The conclusions from the data are not very encouraging. In short, courts since Weinberger have, to a significant extent, failed to base their opinions on modem finance theory. For example, the data indicate that courts in only about one-third of their opinions relied on the discounted cash flow valuation methodology, the valuation method broadly accepted in modem finance theory. The data show that other inappropriate and unsound methodologies, such as the weighted average method and asset valuations, continue to be used in a large percentage of all decisions.

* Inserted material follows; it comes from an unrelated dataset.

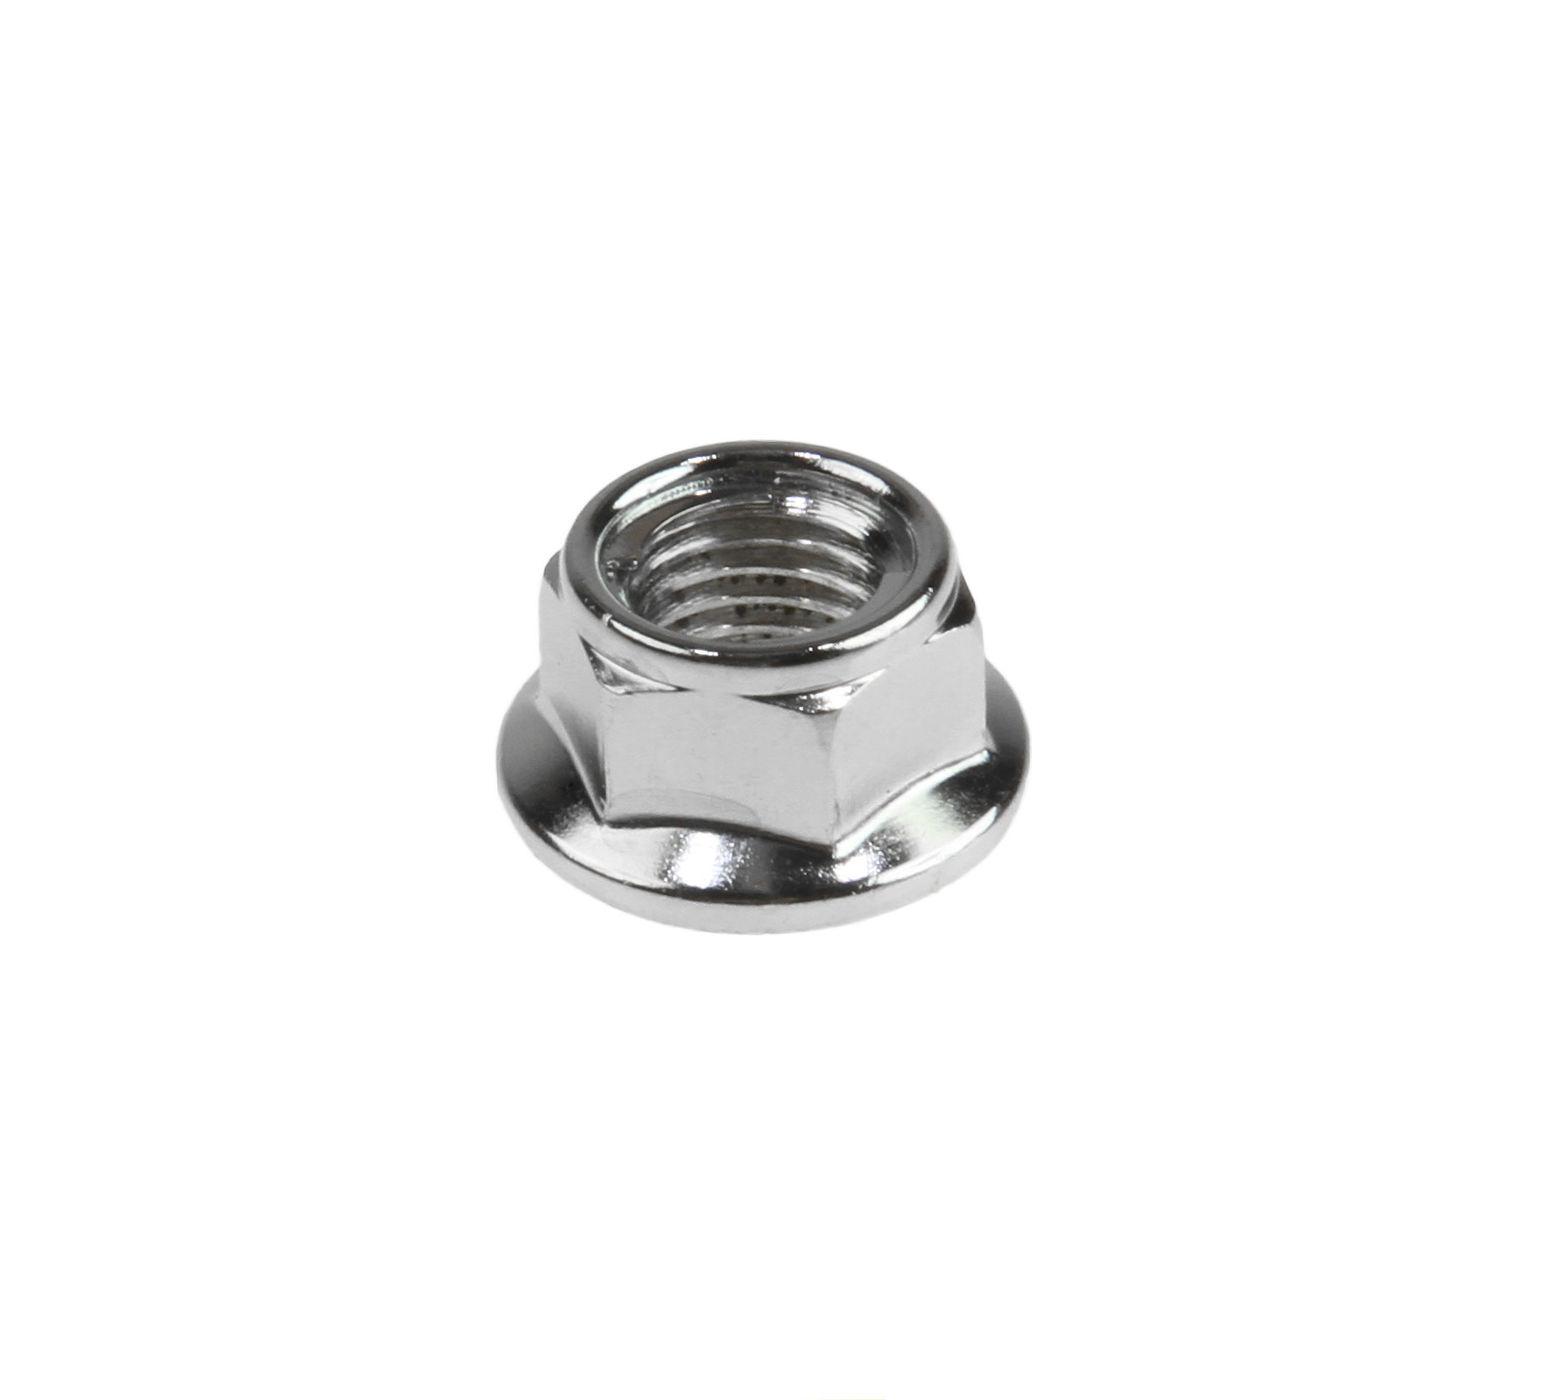 Nut M10, Suzuki 0831931107000

Part I of the article offers a brief overview of modem present value theory, which in turn furnishes a framework for the exposition of the data and the subsequent critical evaluations and prescriptions that are offered. Part II of the article describes five categories of valuation methodologies used in this piece to classify the data. With these foundations laid, Part III presents the data regarding courts' valuation methodologies utilized in cases decided after Weinberger. And, finally, Part IV offers interpretations and explanations of the data and suggests how courts might facilitate a transition to judicial resolutions that are more in line with modem finance theory.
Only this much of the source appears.